(Supplied information Opens)
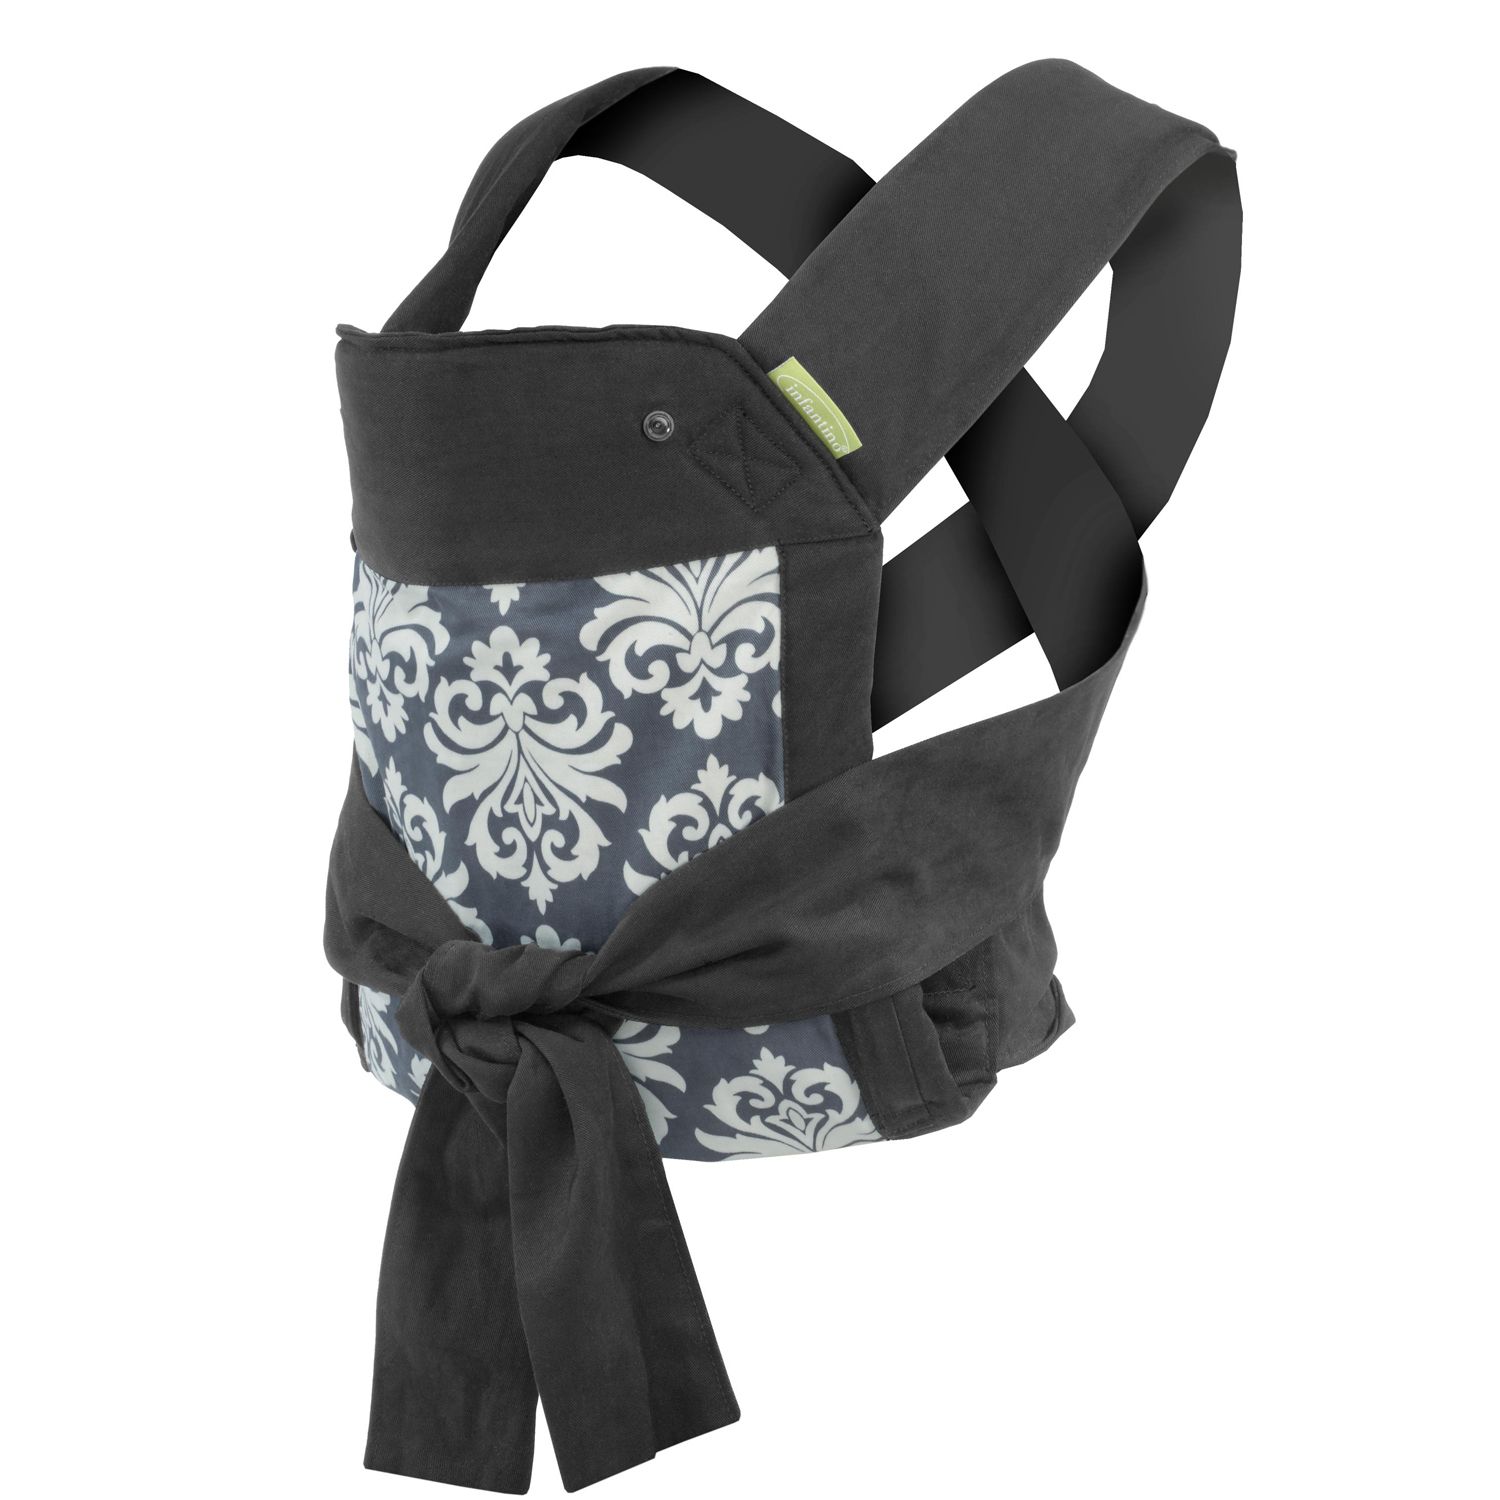 infantino carrier price
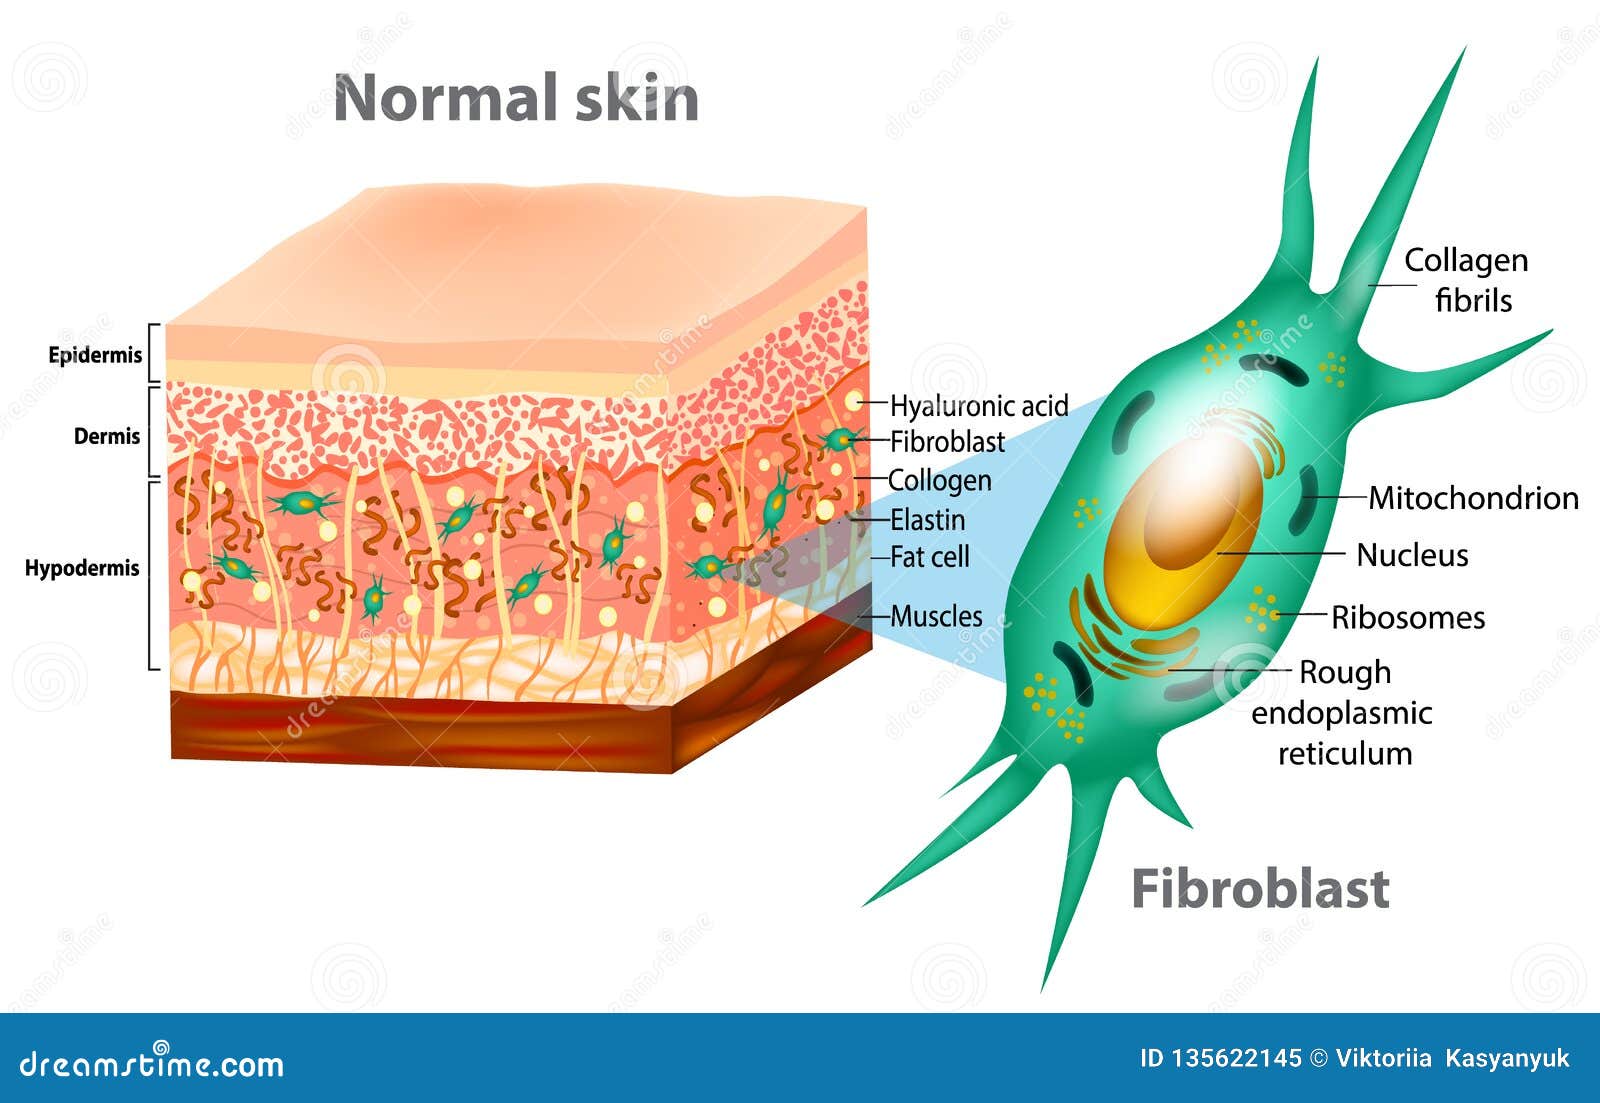 fibroblast and human skin structure
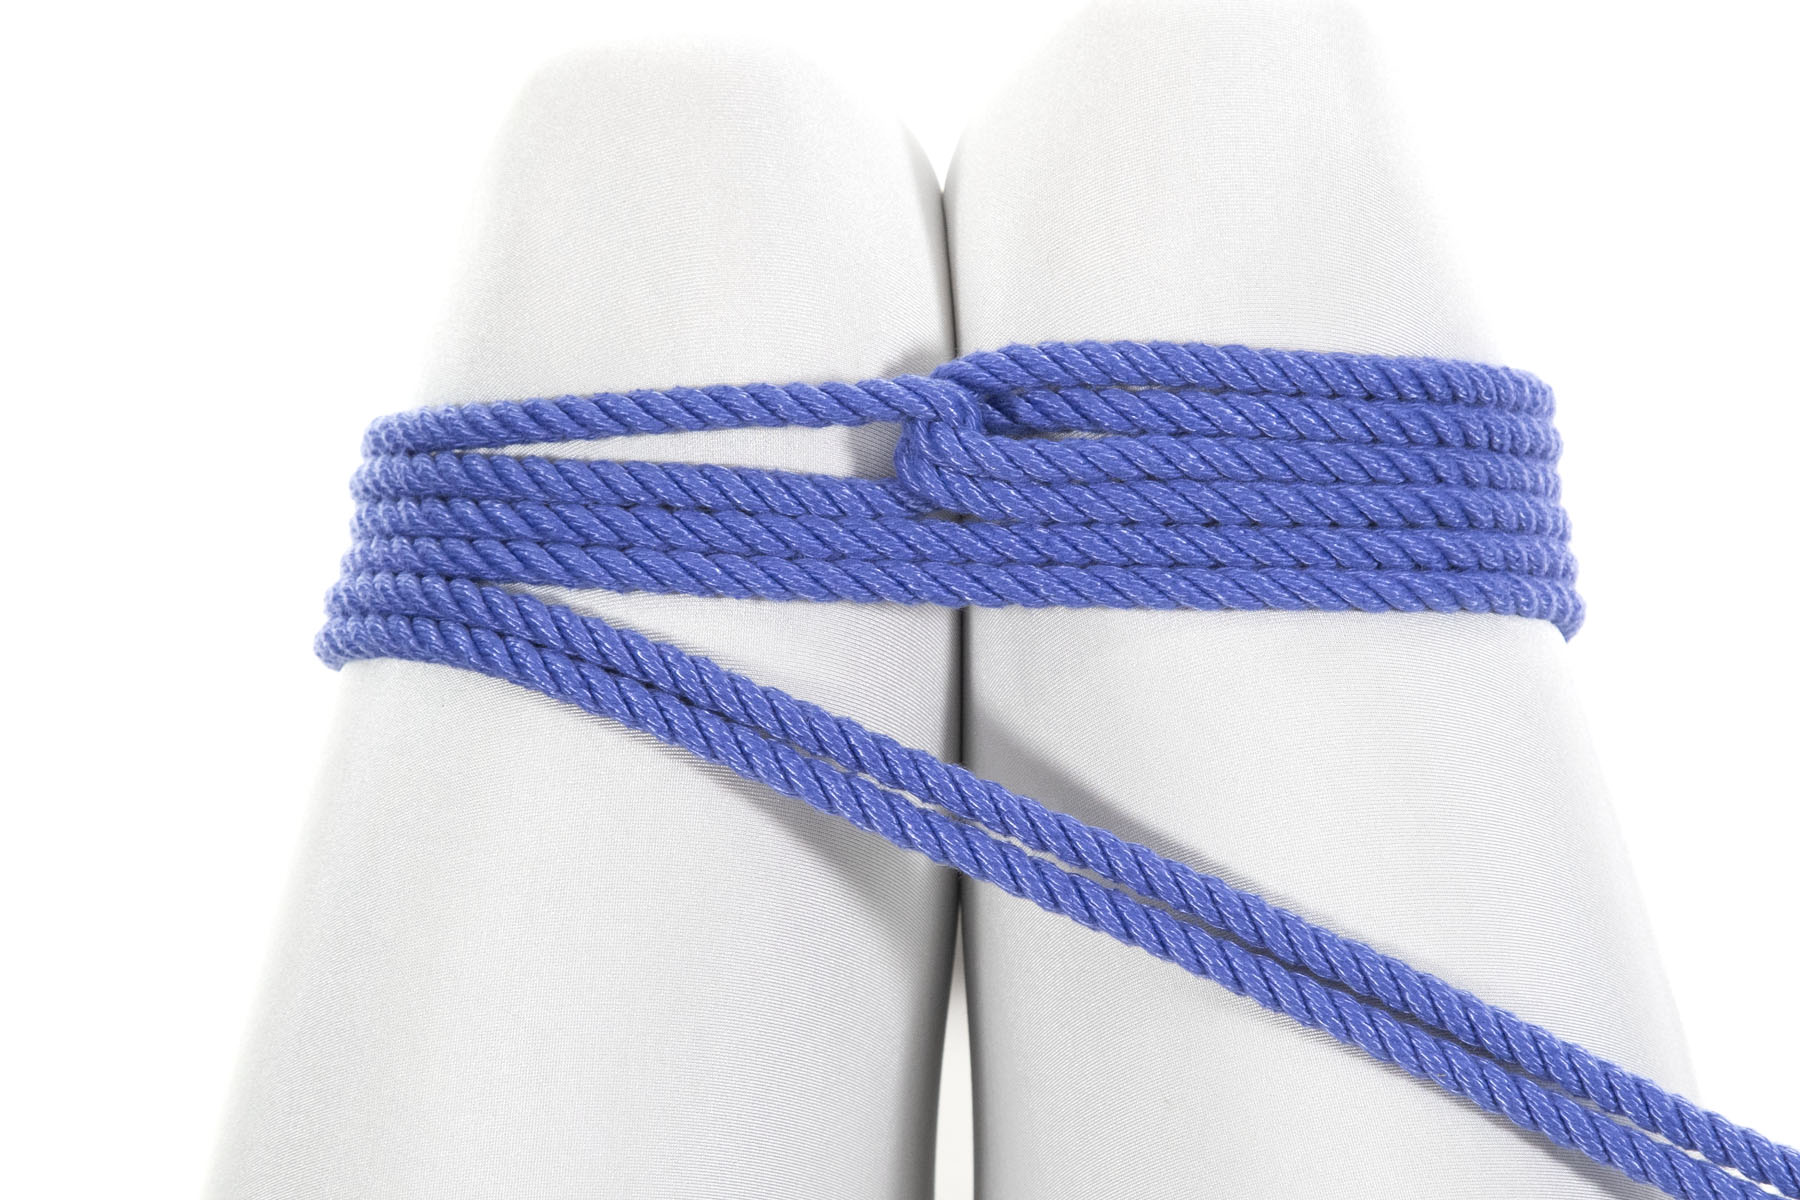 We are looking down at the legs of a person in a white bodysuit, seated in a chair. A doubled blue rope binds the legs together just above the knee. The bight of the rope lies just above the knee and the rope goes around the legs counterclockwise before making a reverse tension and reversing direction. It then makes two complete clockwise spirals, moving toward the body. Each wrap lies flat and adjacent to the previous one. The ends of the rope are pulled out of frame toward the body and to the right.
(Supplied information Closes)
**Required work**: Write the material out again exactly. Do not include the pictures.

**Response for this exercise**:
 infantino carrier price
 fibroblast and human skin structure
 We are looking down at the legs of a person in a white bodysuit, seated in a chair. A doubled blue rope binds the legs together just above the knee. The bight of the rope lies just above the knee and the rope goes around the legs counterclockwise before making a reverse tension and reversing direction. It then makes two complete clockwise spirals, moving toward the body. Each wrap lies flat and adjacent to the previous one. The ends of the rope are pulled out of frame toward the body and to the right.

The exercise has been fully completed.